In Sponholtz v. Sponholtz, 190 So. 2d 572 (Fla. 1966), the Supreme Court said that "even if plaintiff's allegations standing alone might have estopped and barred him from denying intent to defraud his creditors, the denial thereof by defendant and the proofs negate the view plaintiff is bound by his admissions in this case." In Sponholtz, plaintiff alleged that the transfer in question had been made to "protect the assets of the business" against a judgment creditor. The Supreme Court pointed out that "there was no showing in the evidence the judgment creditor was in anywise delayed or frustrated in the settlement of his judgment." The court further explained that the proofs revealed the transaction by plaintiff was one normal in business operations rather than one having an intent to defraud the creditor. As the Supreme Court noted in Sponholtz, the decision of Bay View Estates Corporation v. Southerland, 114 Fla. 635, 154 So. 894 (1934) succinctly states the point:

"Even if the debtor intends to deceive the public, if his act in transferring his property does not hinder or delay his creditors, no legal fraud exists ... To constitute a fraudulent conveyance, there must be a creditor to be defrauded, a debtor intending fraud, and a conveyance of property which is applicable by law to the payment of the debt due."

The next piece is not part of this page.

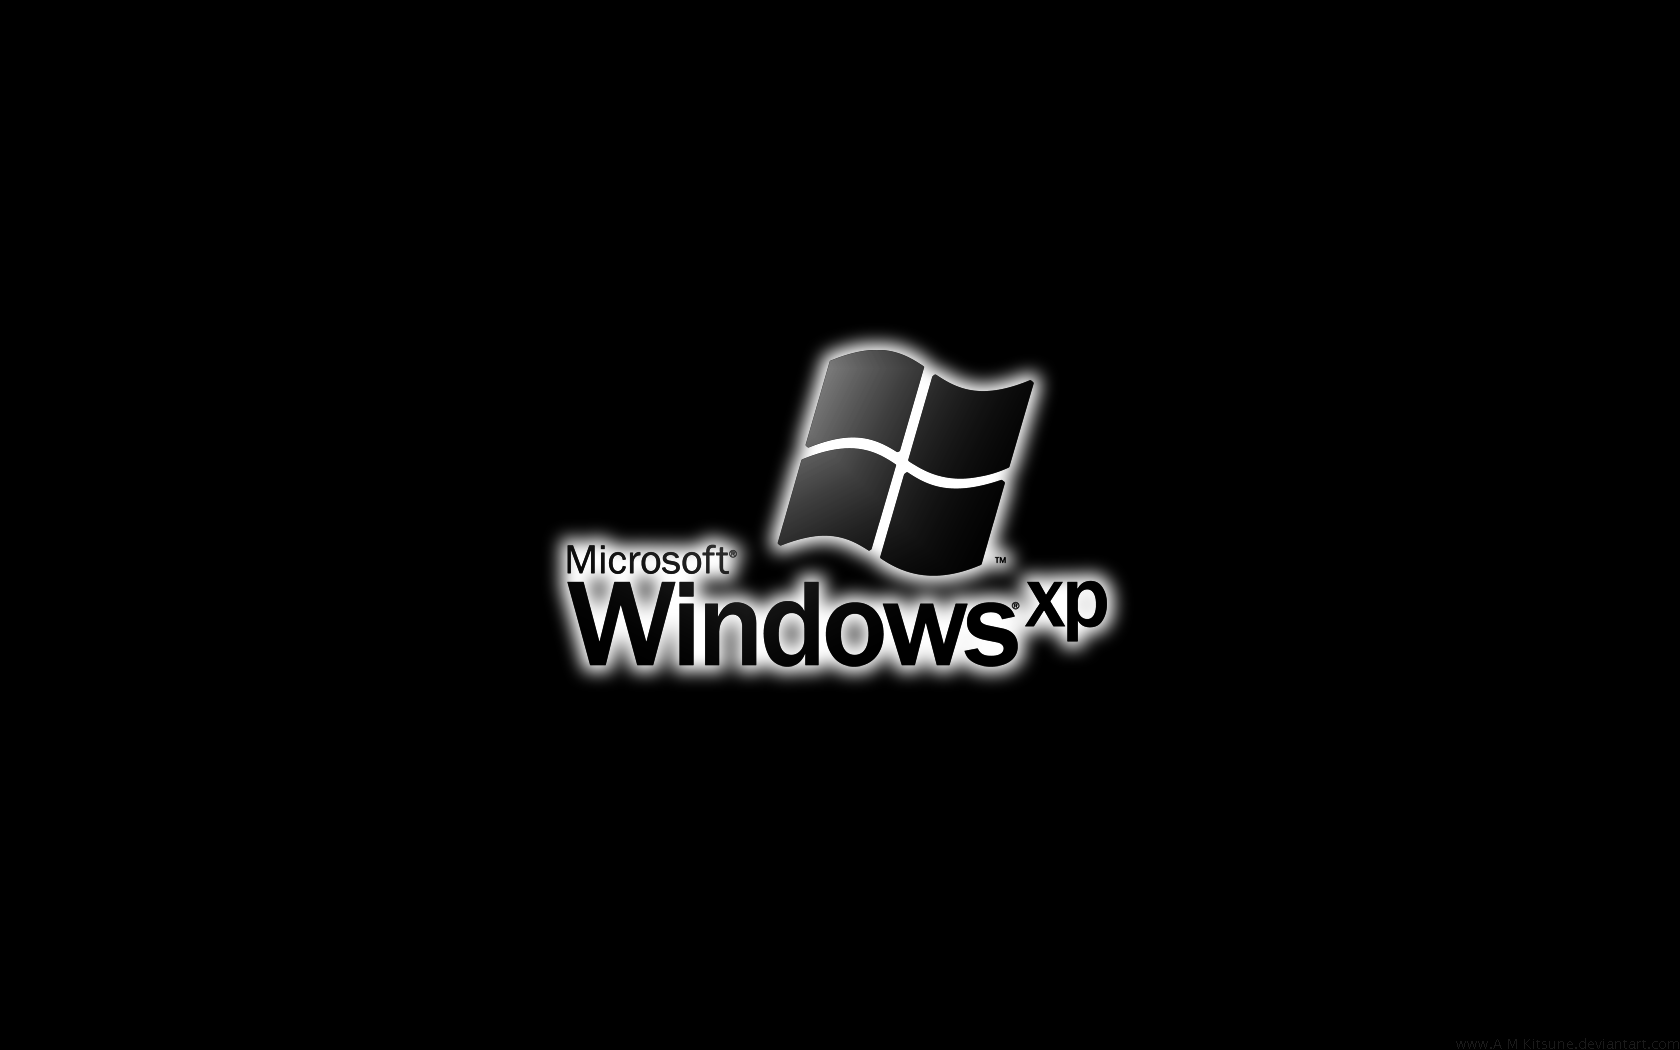 Microsoft Windows Xp Wallpapers - Wallpaper Cave
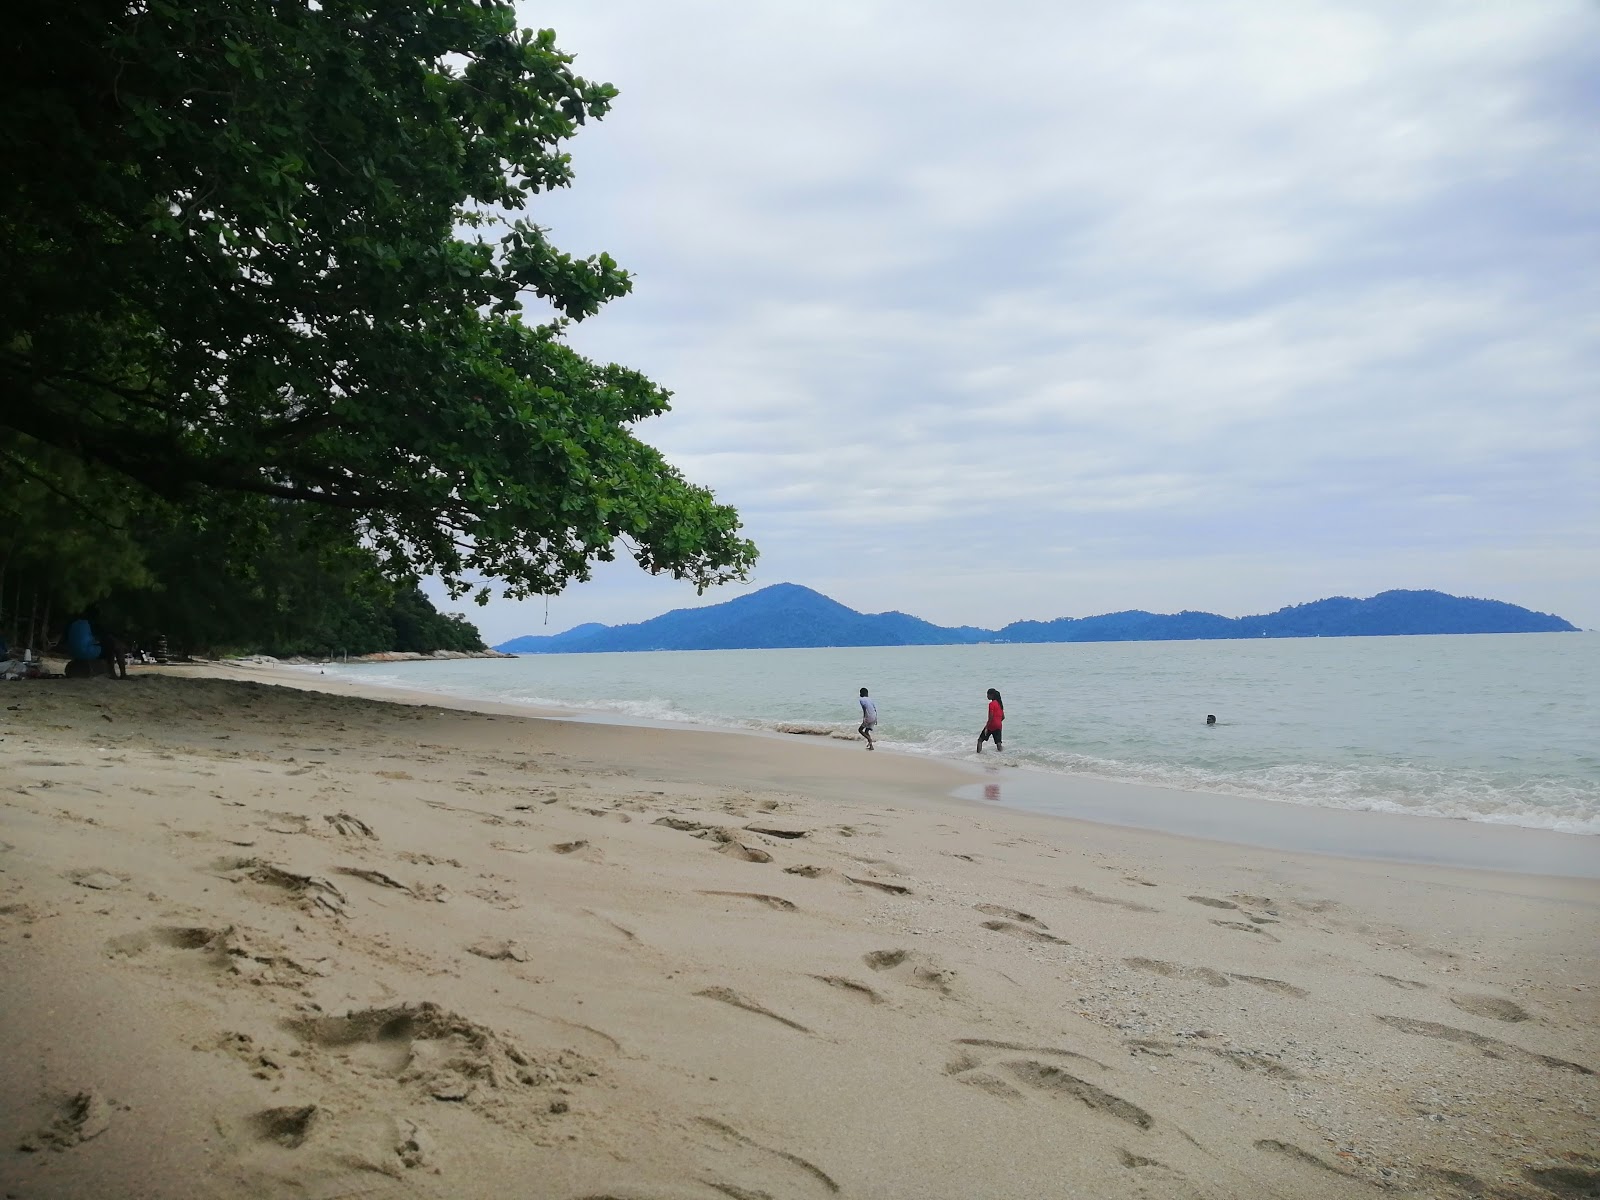 Teluk Senangin Beach photo #7

Steele may have been a debtor intending fraud, but there is nothing in this record which admits to a fraudulent transfer. His bad motive may not be in doubt, but whether there were any hindered creditors or indebtedness or other indicia of actual fraud, facts which Lannon might be able to prove at trial, a motive to defraud is not the equivalent of fraud.

We hold, therefore, that there were genuine issues of material fact which precluded the entry of summary judgment in favor of Lannon. At trial the defense of fraudulent *193 conveyance (when properly framed) will be at issue, as is the defense that the conveyance was a gift.

Reversed and remanded for further proceedings not inconsistent with this opinion.

SCHEB, Acting C.J., and RYDER, J., concur.

NOTES

[1] It is generally true that where an amended complaint (as opposed to an amendment to the complaint) is filed and does not refer to or in any way adopt the original complaint, the latter supersedes the former and the former ceases to be a part of the record. E.g., Dee v. Southern Brewing Co., 146 Fla. 588, 1 So. 2d 562 (1941).

[2] Fla.R.Civ.P. 1.110(d) requires that any matter constituting an avoidance or affirmative defense must be affirmatively set forth in pleading to a preceding pleading.